El paso esencial en la transformación del asesino en serie clásico en el posmoderno se da al reconvertir al criminal del cuchillo, obsesivo, irracional e inmotivado, en un asesino metódico, intelectualmente dotado y artista de sus teatrales puestas en escena. Así, los 80 los coparán los asesinos con grandes cuchillos de cocina, máscara y carnicerías sanguinolentas, asimilables a la moda del happening del «accionismo vienés». Una tendencia radical de vanguardia que a lo largo de los años 60 celebraba «acciones» sacrificando animales y rituales orgiásticos empapados en su sangre. Los accionistas simulaban violaciones y castraciones.
El cine y la novela «slasher» busca impactar mediante cuchilladas sangrientas, «dripping» sanguinolento y mutilaciones brutales nunca antes vistas en la cultura de masas. El asesino en serie impulsivo es el imitador del «accionista» vienés que salpica con violentos chorretones de sangre la escena del crimen. Como una pintura impresionista de Pollock. Desde entonces, la poderosa imagen del «Serial Killer» se fue apoderando de la novela negra hasta colonizarla por completo. Y lo hizo a partir de la idea de «transformación» sexual iniciada con Norman Bates, travestido de su madre en «Psicosis» (1960).

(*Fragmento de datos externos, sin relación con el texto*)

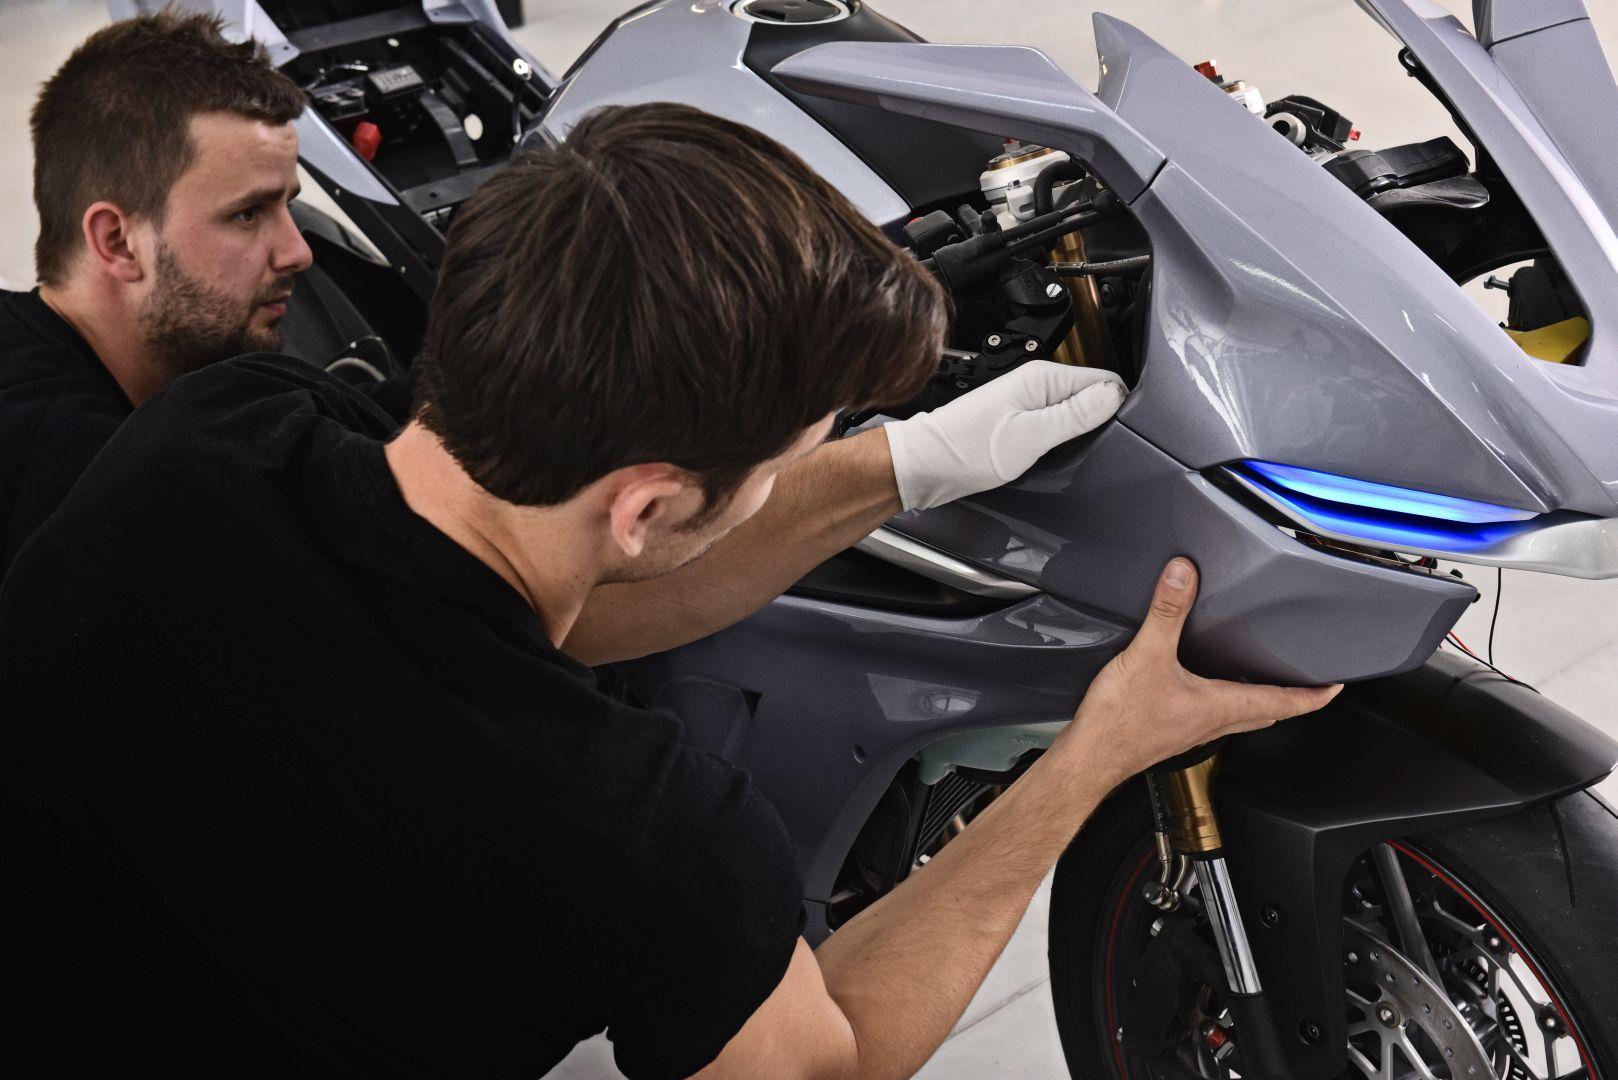 Personalizacja motocykla

En «Vestida para matar» (1980), la imitación posmoderna de Brian de Palma, aparece la segunda operación de cambio de sexo: un psiquiatra maduro, con recurrentes trastornos psicóticos, se traviste de mujer rubia con gafas para matar violentamente a sus pacientes. Una mujer atrapada en un cuerpo de hombre que asesina con una navaja de afeitar, al modo del «giallo slasher» de Dario Argento, a la mujer que lo ha excitado sexualmente. El crimen es el sustituto del sexo. Cada navajazo, una llaga sexual.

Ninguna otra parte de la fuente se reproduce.